CARF requires crypto platforms to collect detailed customer information, verify tax residency, and report users’ balances and transactions annually to domestic tax authorities. These authorities will then share the data internationally under existing information-exchange agreements, making offshore or overseas crypto activity more visible than ever.
According to Lucy Frew, partner at Walkers law firm, CARF is a “game-changer” that will significantly affect both crypto businesses and customers. She notes that companies that adapt early will manage risk better and maintain trust, while those that delay may face both regulatory and reputational consequences.
What CARF Means for Crypto Exchanges
For crypto exchanges, CARF isn’t just a minor compliance update—it’s a structural shift. Platforms will need to integrate CARF requirements into existing Know Your Customer (KYC) and Anti-Money Laundering (AML) processes.
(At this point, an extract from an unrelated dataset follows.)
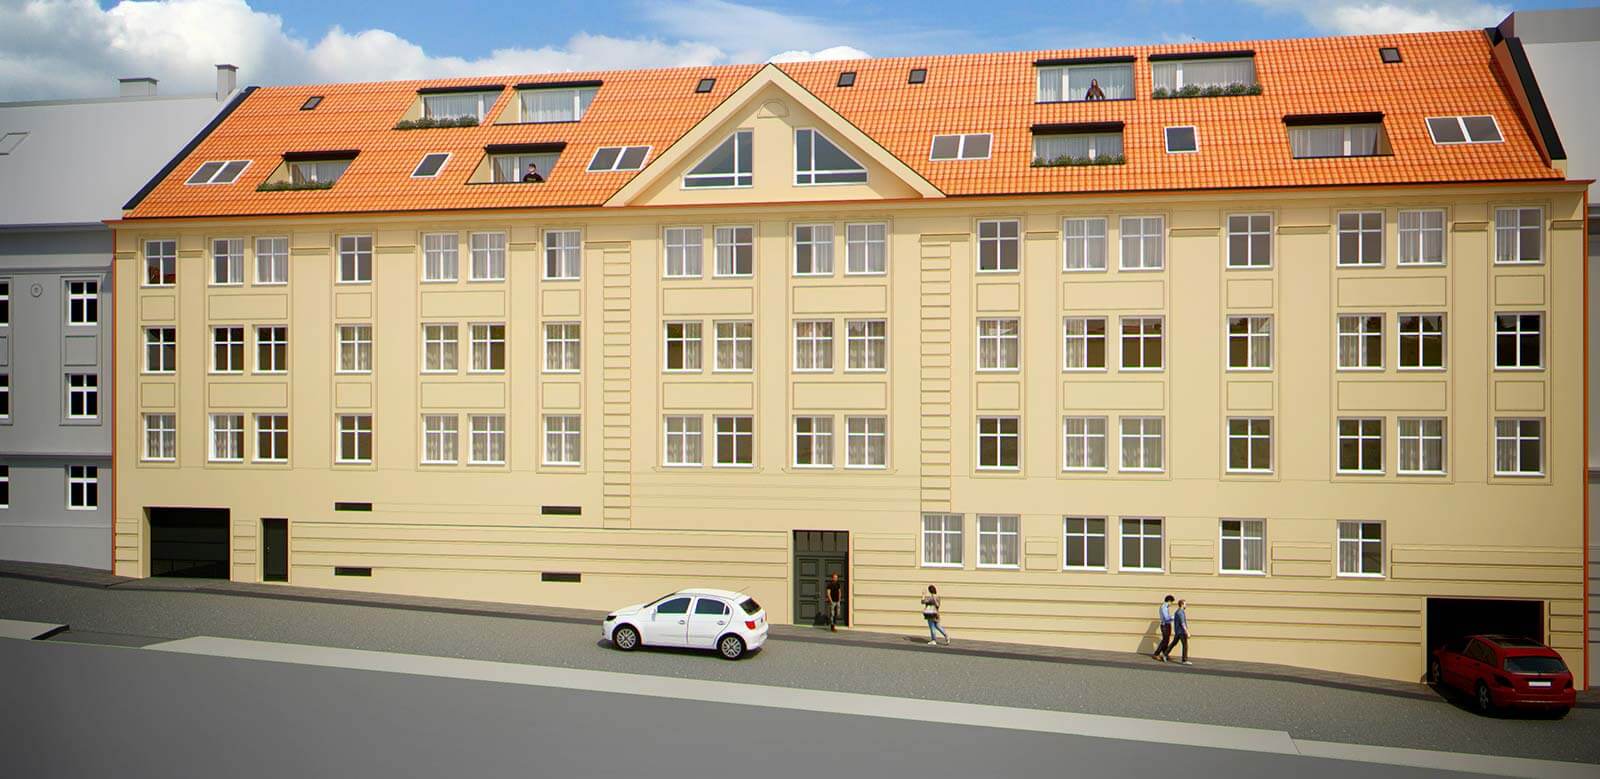 Predané: Novostavba 3 izbový byt, širšie centrum v Bratislave, Beskydská ulica, 75,54m2, balkón 4,5m2, štandard.-4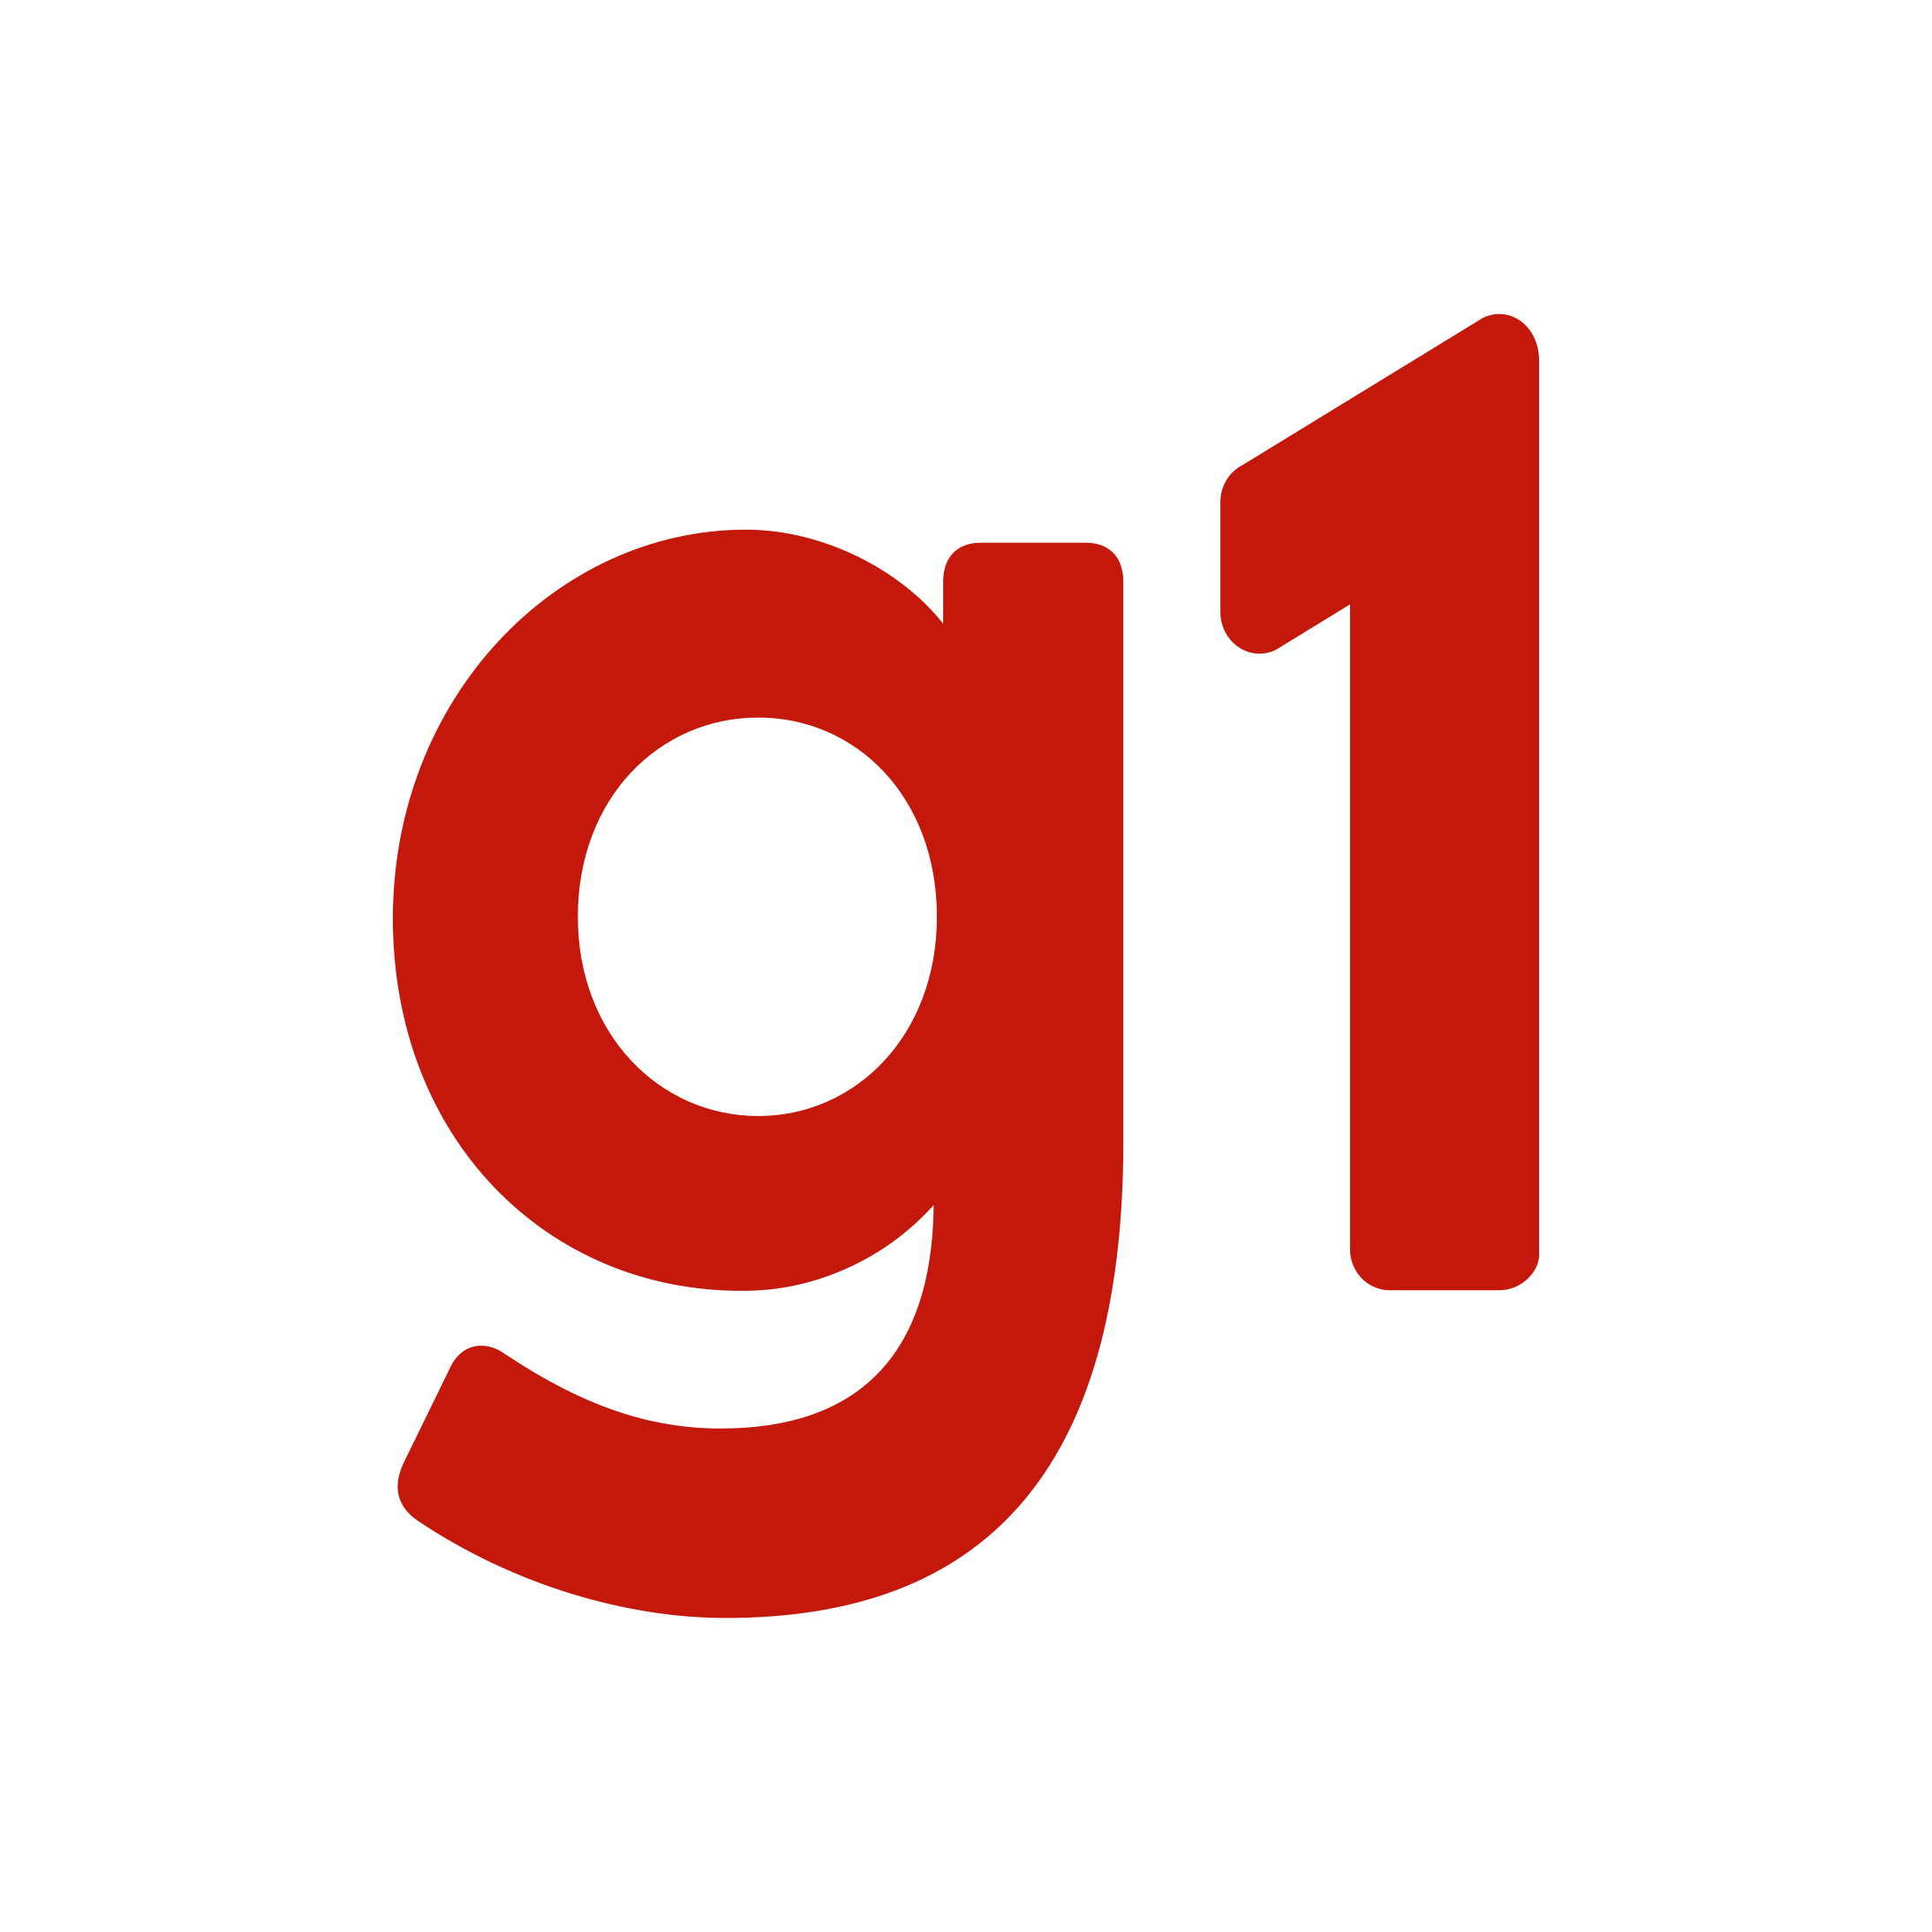 g1

This includes redesigning onboarding flows to capture tax-residency and self-certification data, and upgrading reporting systems to meet regulatory standards.
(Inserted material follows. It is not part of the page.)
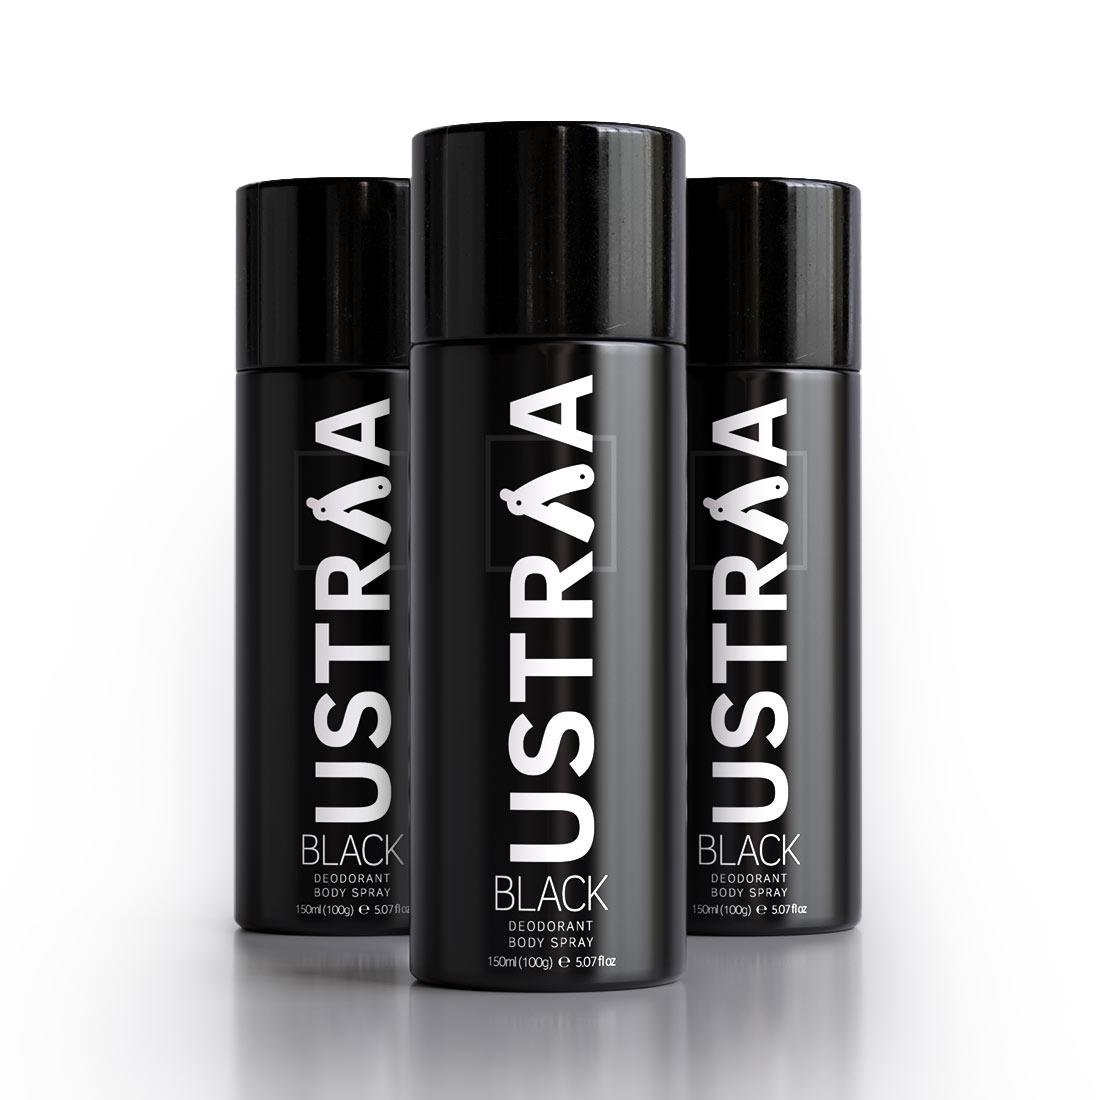 Ustraa Black Deodorant Body Spray (Set of 3) | 24-Hour Freshness for Men

Exchanges may also need to implement new governance frameworks, train staff, and ensure close coordination between compliance, engineering, and customer support teams, especially for those operating across multiple jurisdictions.
Asher Tan, CEO of UK-licensed exchange CoinJar, explains that users will now be asked to provide additional tax-residency information. The challenge for platforms is to meet regulatory expectations while maintaining a clear, trustworthy, and user-friendly experience. For regulated exchanges, getting this balance right could become a competitive advantage as crypto trading moves further into mainstream finance.
What Crypto Users Should Expect
Retail crypto users won’t face new taxes under CARF, but audit risks are expected to rise. CARF makes existing tax rules enforceable by providing authorities with standardized, machine-readable data directly from exchanges, including foreign platforms.
This means tax authorities like the UK’s HMRC will more easily identify discrepancies between reported transactions and exchange data. Users should prepare for stricter onboarding processes and more frequent account reviews. Keeping accurate records and reporting transactions correctly will be crucial to avoid potential audits or penalties.
CARF represents a significant step toward global transparency in the crypto market, and both exchanges and users need to act now to stay compliant. Early adaptation can help crypto businesses maintain trust, and users can ensure their activities remain above board.